Одиссея 1860 года — страница 9 из 153

Чаша оказалась заполнена, и выручка составила десять тысяч франков; однако около девяти часов вечера в зале распространился слух, что двери заперты и все зрители арестованы.

Поднялся страшный шум.

Однако в этот момент раздался голос, перекрывший все прочие:

— Тихо!

Все смолкли.

Тот же голос прозвучал снова:

— Хотите, чтобы двери театра, если они действительно закрыты, открылись в одну минуту?

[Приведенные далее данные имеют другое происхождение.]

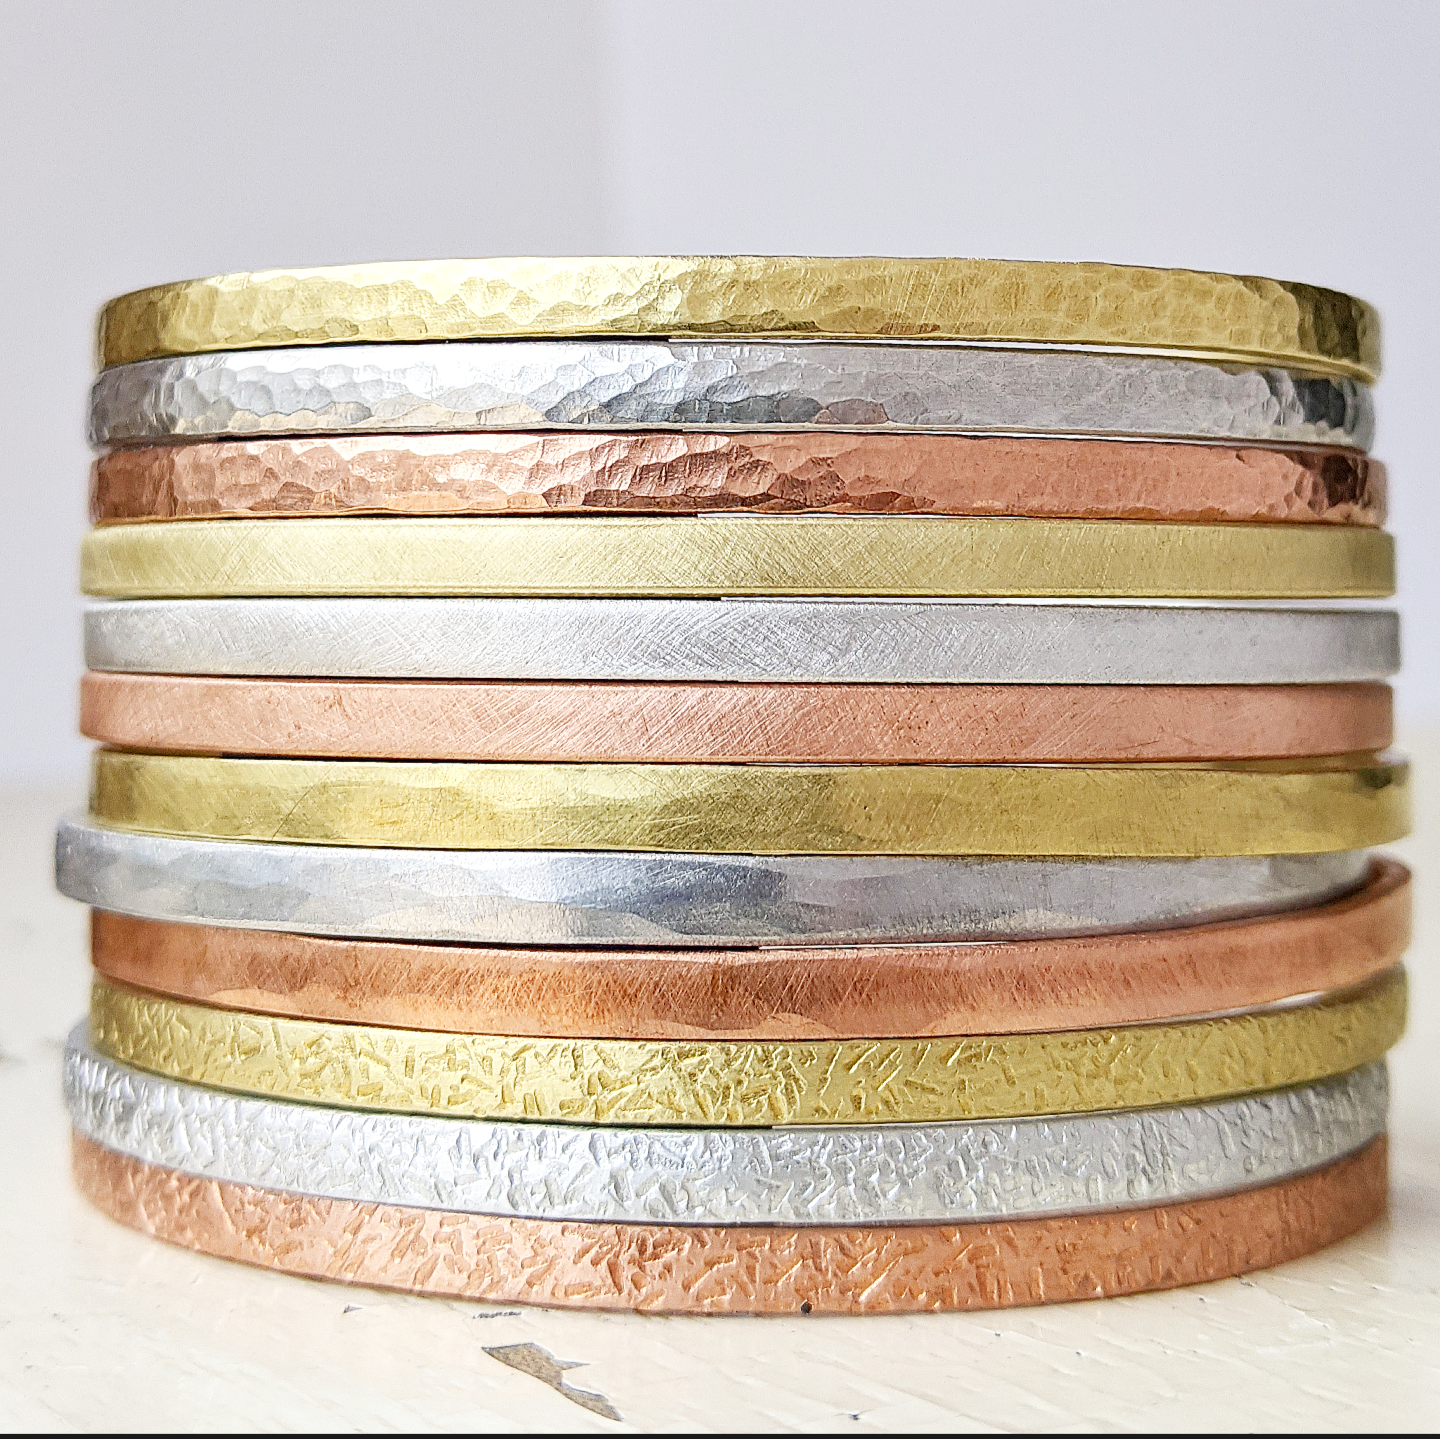 Textured Stacking Cuff Bracelet Class - Saturday March 9

— Да, да! — закричали все пленники.

— Раз так, тихо!

Зал смолк во второй раз.

И тогда посреди этой тишины, настолько беззвучной, что она сделалась торжественной, послышался тот же голос, отчетливо выкрикнувший три призыва:

— Да здравствует Гарибальди! Да здравствует Виктор Эммануил! Да здравствует Наполеон Третий!

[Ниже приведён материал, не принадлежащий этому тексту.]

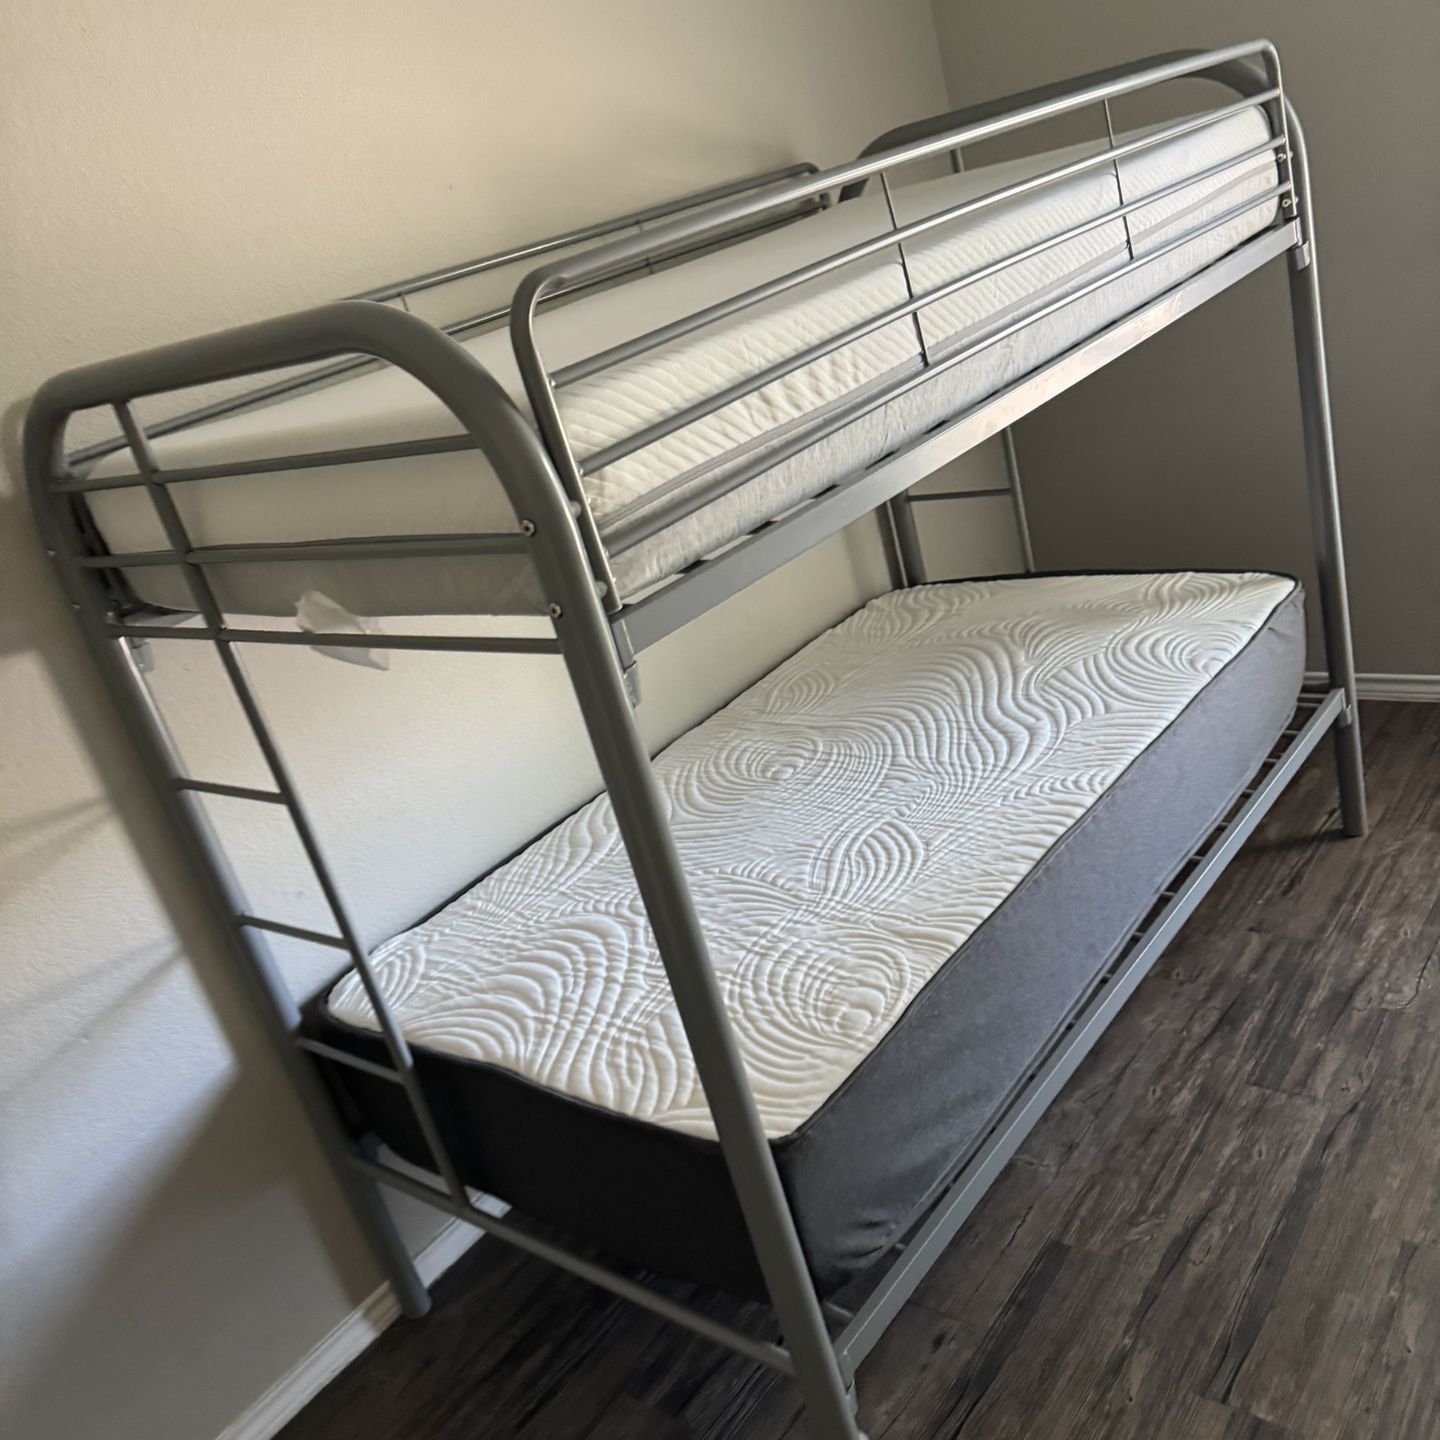 New Bunk Bed For $400

Две тысячи голосов хором повторили три этих призыва. И, словно от прикосновения волшебной палочки, все двери распахнулись, толпа вырвалась на соседние улицы и стала ходить по городу, до двух часов ночи выкрикивая:

— Да здравствует Гарибальди! Да здравствует Виктор Эммануил! Да здравствует Наполеон Третий!

Заметим, что все это происходило в реакционной Вероне.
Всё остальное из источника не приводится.